The first time I met Boylan, he was in his Alphas and the Bronze Star with the V was right there on his chest for anybody to see. I’d gone and looked it up immediately, but now I can’t remember exactly what it had been for. Boylan hadn’t meant much to me then, and the citation wasn’t as exciting or clear as Deme’s, since for Boylan it’d been a slow accumulation of minor heroic actions taken over the course of a long and hellish day, rather than the sort of intense crucible that makes for great drama. At least he got it, though. Vockler died in an IED, like the majority of combat casualties in these wars, a death that doesn’t offer a story younger Marines can read and get inspired by. IEDs don’t let you be a hero. That’s what makes Deme so important. The cold, hard courage that sends veterans like Vockler back to war is not what makes teenagers join the Corps in the first place. Without the rare stories like Deme’s, who’d sign up?

 

Eventually, Boylan is sleeping on my floor and I’m sitting by his side, drinking whiskey slow and envying him from the depths of my noncombat heart. I don’t know why. He’s not proud of his Bronze Star. He refuses to tell the story. “It was a bad day,” is the most I’ve ever heard from him. I don’t even know what it is he has that I want. I just know I want it. And he’s right here in front of me, close enough that I’ve spilled whiskey on him twice.

 

Agamben speaks of the difference between men and animals being that animals are in thrall to stimuli. Think a deer in the headlights. He describes experiments where scientists give a worker bee a source of nectar.
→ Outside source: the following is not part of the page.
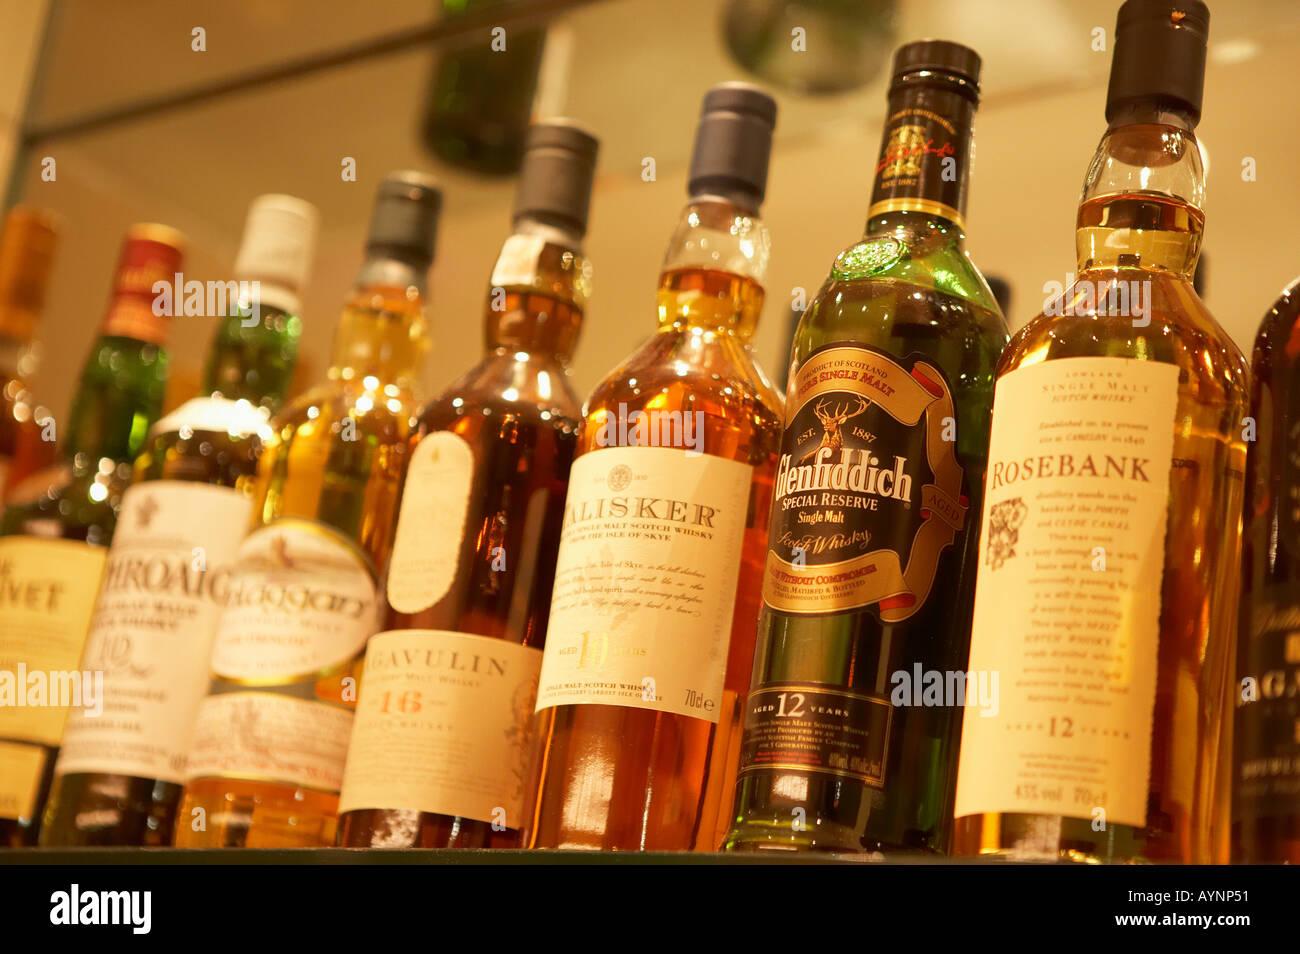 SELECTION OF SCOTCH WHISKY BOTTLES ON GLASS SHELVES IN BAR Stock ...

As it imbibes, they cut away its abdomen, so that instead of filling the bee up, the nectar falls out through the wound in a trickle that pours as fast as the bee drinks. You’d think the bee might change its behavior in response, but it doesn’t. It keeps happily sucking away at the nectar and will continue indefinitely, enthralled by one stimulus—the presence of nectar—until released by another—the sensation of satiety. But that second stimulus never comes—the wound keeps the bee drinking until it finally starves.

 

I splash a little more whiskey on Boylan, halfway hoping he’ll wake up.